• Exercise aim
Set down again exactly the lines of the listing below that fall between the line holding "Graeter's new, limited-time" and the line holding "Have you heard?", inclusive.
● ● ●
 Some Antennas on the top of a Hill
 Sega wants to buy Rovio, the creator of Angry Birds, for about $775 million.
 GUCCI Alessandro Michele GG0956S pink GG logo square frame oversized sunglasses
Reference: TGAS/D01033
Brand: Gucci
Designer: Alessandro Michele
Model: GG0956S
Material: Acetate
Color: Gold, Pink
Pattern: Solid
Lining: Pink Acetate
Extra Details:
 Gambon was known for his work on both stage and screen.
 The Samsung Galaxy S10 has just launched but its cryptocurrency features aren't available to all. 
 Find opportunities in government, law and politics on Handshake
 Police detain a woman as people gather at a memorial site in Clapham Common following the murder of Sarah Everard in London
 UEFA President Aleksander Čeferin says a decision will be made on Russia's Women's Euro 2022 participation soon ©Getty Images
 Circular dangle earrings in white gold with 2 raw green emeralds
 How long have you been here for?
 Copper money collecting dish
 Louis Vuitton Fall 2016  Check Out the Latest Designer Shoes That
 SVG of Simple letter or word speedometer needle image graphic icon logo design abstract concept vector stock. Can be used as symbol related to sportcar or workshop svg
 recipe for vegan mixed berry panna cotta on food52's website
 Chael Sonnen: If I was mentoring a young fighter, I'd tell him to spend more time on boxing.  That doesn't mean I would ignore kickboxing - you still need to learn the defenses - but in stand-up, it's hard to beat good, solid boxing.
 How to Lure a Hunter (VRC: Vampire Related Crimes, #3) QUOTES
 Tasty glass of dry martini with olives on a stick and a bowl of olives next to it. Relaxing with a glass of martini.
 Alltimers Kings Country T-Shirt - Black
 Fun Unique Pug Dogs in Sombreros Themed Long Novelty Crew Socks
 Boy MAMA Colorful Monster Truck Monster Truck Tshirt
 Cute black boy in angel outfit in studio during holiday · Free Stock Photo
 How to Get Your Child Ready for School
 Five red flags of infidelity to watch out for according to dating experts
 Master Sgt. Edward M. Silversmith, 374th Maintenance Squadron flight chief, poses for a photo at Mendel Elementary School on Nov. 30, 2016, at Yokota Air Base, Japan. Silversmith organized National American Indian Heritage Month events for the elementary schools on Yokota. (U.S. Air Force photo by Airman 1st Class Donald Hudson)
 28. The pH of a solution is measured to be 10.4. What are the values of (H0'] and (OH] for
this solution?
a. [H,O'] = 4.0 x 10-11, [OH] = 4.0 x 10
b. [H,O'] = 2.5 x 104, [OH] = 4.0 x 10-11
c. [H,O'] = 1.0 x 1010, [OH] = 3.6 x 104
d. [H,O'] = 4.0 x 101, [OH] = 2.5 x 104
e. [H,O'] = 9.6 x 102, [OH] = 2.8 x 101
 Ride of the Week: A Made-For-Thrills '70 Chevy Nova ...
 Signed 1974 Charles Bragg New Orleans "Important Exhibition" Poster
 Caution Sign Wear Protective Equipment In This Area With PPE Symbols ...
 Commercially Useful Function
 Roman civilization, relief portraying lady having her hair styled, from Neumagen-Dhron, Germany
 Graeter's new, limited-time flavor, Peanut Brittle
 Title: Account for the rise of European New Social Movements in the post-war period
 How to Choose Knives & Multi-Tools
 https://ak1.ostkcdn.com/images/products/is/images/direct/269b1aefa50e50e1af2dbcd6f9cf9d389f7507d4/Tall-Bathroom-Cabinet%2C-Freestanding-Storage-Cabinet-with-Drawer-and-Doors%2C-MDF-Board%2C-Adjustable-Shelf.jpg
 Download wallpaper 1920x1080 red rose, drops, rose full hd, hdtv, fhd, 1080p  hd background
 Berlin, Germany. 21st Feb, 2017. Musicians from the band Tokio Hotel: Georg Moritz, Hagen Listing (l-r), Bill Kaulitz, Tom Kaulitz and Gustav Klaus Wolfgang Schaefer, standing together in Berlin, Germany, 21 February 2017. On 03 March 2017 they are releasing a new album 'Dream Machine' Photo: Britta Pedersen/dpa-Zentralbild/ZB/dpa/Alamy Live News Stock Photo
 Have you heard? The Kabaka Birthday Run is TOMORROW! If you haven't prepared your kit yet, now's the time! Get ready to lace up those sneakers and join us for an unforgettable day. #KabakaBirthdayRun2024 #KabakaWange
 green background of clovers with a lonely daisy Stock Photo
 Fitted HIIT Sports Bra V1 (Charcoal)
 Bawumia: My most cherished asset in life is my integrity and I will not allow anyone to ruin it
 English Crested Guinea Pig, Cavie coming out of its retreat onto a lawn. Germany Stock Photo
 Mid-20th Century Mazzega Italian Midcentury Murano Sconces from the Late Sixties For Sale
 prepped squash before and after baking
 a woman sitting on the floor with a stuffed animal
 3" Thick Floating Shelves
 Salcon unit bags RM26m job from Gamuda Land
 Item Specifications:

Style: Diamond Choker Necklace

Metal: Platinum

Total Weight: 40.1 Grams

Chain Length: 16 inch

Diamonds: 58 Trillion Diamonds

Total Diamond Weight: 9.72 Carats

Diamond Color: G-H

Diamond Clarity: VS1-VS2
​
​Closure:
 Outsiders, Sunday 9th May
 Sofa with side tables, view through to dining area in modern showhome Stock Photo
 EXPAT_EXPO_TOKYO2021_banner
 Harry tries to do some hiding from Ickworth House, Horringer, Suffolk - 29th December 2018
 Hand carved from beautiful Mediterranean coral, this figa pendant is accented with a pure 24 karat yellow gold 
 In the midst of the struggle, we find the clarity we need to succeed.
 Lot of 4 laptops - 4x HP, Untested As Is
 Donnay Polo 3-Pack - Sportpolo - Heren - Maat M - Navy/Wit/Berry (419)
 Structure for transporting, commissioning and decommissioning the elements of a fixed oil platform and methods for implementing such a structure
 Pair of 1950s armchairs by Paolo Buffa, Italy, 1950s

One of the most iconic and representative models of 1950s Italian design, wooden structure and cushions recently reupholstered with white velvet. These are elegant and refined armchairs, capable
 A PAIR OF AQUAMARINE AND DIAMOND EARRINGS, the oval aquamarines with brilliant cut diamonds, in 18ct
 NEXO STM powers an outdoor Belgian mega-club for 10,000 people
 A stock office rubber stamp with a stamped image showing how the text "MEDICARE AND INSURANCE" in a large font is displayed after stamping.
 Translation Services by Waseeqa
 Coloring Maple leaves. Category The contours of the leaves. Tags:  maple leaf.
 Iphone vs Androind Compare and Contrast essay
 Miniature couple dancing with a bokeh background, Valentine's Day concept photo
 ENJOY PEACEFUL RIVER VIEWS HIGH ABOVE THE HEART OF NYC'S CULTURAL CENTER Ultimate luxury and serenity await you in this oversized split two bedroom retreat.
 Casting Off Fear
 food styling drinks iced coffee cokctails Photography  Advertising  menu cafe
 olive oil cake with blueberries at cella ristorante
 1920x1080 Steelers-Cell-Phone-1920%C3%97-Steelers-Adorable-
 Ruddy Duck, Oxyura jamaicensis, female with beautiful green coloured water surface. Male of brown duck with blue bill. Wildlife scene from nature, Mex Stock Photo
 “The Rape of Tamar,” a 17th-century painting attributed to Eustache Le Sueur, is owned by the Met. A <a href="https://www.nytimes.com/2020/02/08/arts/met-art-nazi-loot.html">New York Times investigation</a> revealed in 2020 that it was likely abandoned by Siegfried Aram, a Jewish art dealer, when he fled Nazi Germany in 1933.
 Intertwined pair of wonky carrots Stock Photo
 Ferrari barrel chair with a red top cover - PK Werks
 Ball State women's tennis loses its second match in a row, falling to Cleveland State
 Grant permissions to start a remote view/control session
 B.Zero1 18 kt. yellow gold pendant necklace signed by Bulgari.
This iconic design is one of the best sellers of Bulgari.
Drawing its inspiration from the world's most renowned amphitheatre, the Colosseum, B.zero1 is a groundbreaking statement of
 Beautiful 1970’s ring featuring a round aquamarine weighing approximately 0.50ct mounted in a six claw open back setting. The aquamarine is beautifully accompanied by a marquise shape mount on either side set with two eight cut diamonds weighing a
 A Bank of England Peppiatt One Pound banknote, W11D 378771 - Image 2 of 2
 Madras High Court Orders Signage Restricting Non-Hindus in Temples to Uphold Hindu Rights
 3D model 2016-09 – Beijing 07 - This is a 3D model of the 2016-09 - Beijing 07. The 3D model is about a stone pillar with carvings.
● ● ●
• The completed task
 Graeter's new, limited-time flavor, Peanut Brittle
 Title: Account for the rise of European New Social Movements in the post-war period
 How to Choose Knives & Multi-Tools
 https://ak1.ostkcdn.com/images/products/is/images/direct/269b1aefa50e50e1af2dbcd6f9cf9d389f7507d4/Tall-Bathroom-Cabinet%2C-Freestanding-Storage-Cabinet-with-Drawer-and-Doors%2C-MDF-Board%2C-Adjustable-Shelf.jpg
 Download wallpaper 1920x1080 red rose, drops, rose full hd, hdtv, fhd, 1080p  hd background
 Berlin, Germany. 21st Feb, 2017. Musicians from the band Tokio Hotel: Georg Moritz, Hagen Listing (l-r), Bill Kaulitz, Tom Kaulitz and Gustav Klaus Wolfgang Schaefer, standing together in Berlin, Germany, 21 February 2017. On 03 March 2017 they are releasing a new album 'Dream Machine' Photo: Britta Pedersen/dpa-Zentralbild/ZB/dpa/Alamy Live News Stock Photo
 Have you heard? The Kabaka Birthday Run is TOMORROW! If you haven't prepared your kit yet, now's the time! Get ready to lace up those sneakers and join us for an unforgettable day. #KabakaBirthdayRun2024 #KabakaWange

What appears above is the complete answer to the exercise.